Allí recuerdo que la mayoría de las
puertas de acceso a las casas tenían el nombre de su dueño, el hombre por
supuesto, según la usanza de la época. Era bonito recorrer las casas y leer esos
nombres, aunque no eran más que eso, nombres de desconocidos puestos en
diminutas e insignificantes plaquitas metálicas pegadas a las puertas. Digo
insignificantes sólo por una cuestión de tamaño y forma, porque hoy esas
plaquitas deberían ser piezas de museo. Un patrimonio de la ciudad y la arquitectura
que nos cuenta como éramos como comunidad, como eran nuestros padres cuando
hijos y nuestros abuelos cuando padres.
Qué maravilla sería conocer los
nombres de todos los vecinos. Tocar puertas con esas plaquitas que eran
verdaderos escudos, himnos y banderas familiares grabadas en los accesos de las
casas. Dispuestas como una mano abierta, tendida, que te acorta camino para
buscar coincidencias y conocidos en común. Dándote un empujón para sociabilizar
con el vecino, ofrecer y pedir ayuda, para no estar tan sólo y seguramente saber
dónde vive la señora Charo.
Me gusto tu reflexión....hace pensar y detenerse un poquito para recordar.
ResponderEliminarGracias
Saludos Pablo, yo siempre que paso por la Población Temuco no puedo dejar de detenerme a leer los nombres en las plaquitas que queda. Un abrazo.

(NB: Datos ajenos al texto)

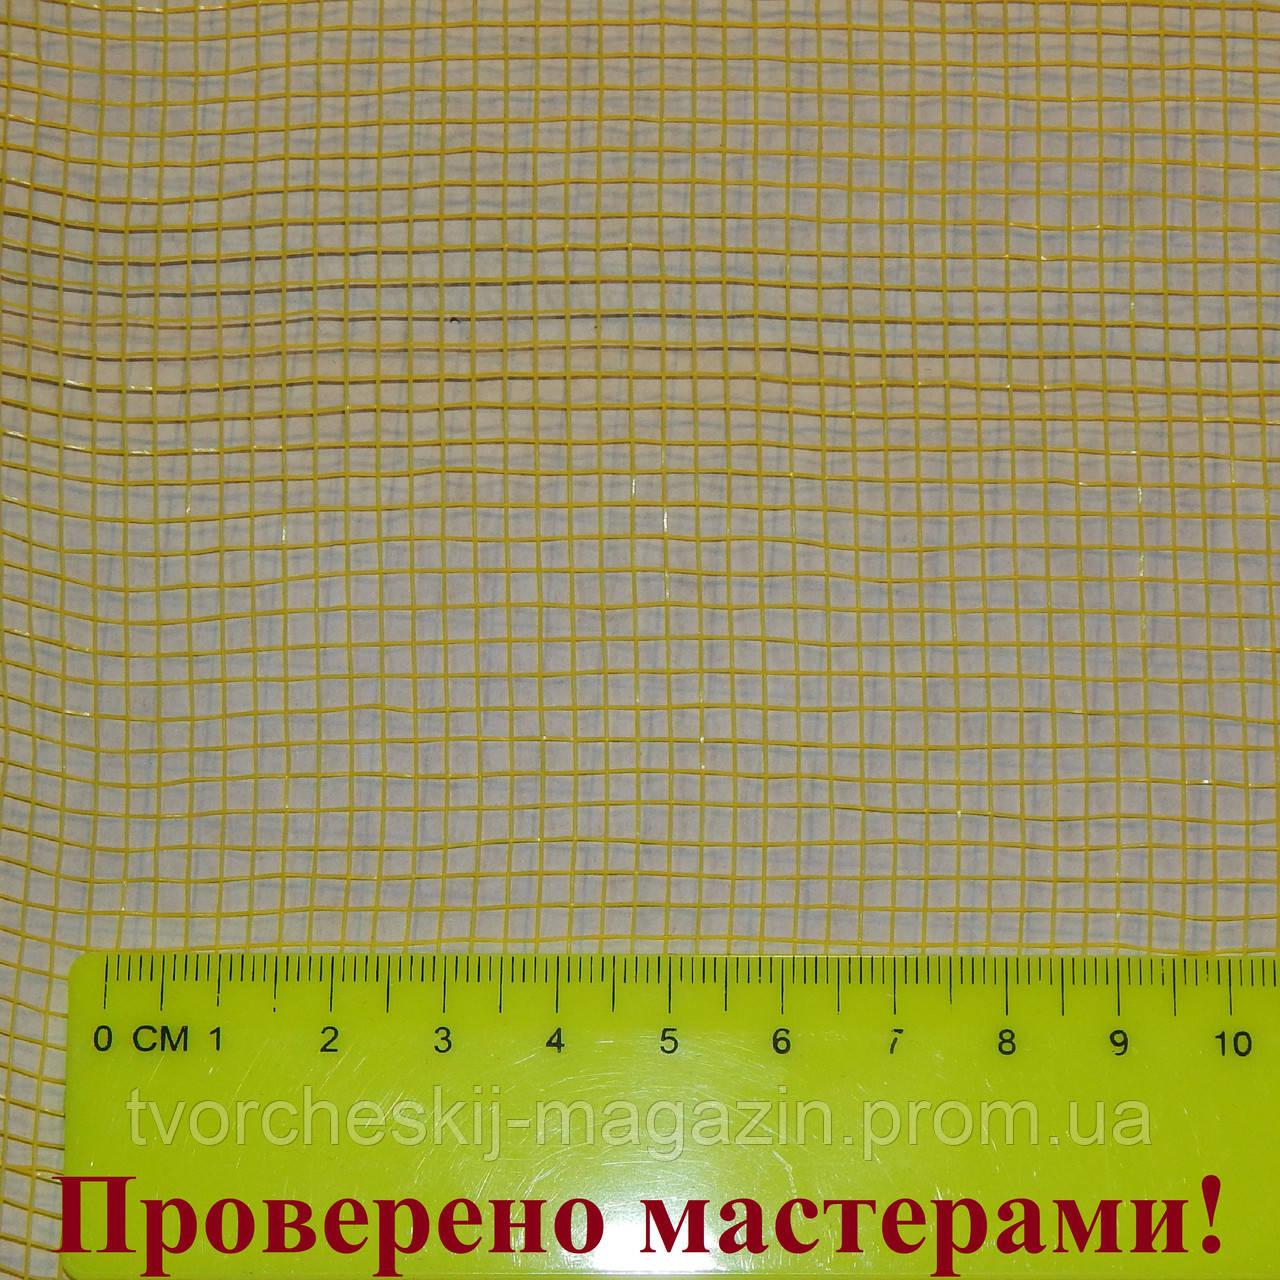 Сетка флористическая стандарт 50 см желтая пог. м.

ResponderEliminarNadie sabe donde vive "nadie" que fortuna que tu SI compartas con vecinos en comunidad. Dormiré con tus palabras al viento. Especial en una noche de luna. Un abrazo Jara Patricio
ResponderEliminarComo dice Neruda en el poema Oda al Hombre Sencillo: Conocer una vida no es bastante, pero conocerlas todas tampoco es necesario. Algo así. Agradecido por tus palabras Mari-Maestra. Un abrazo.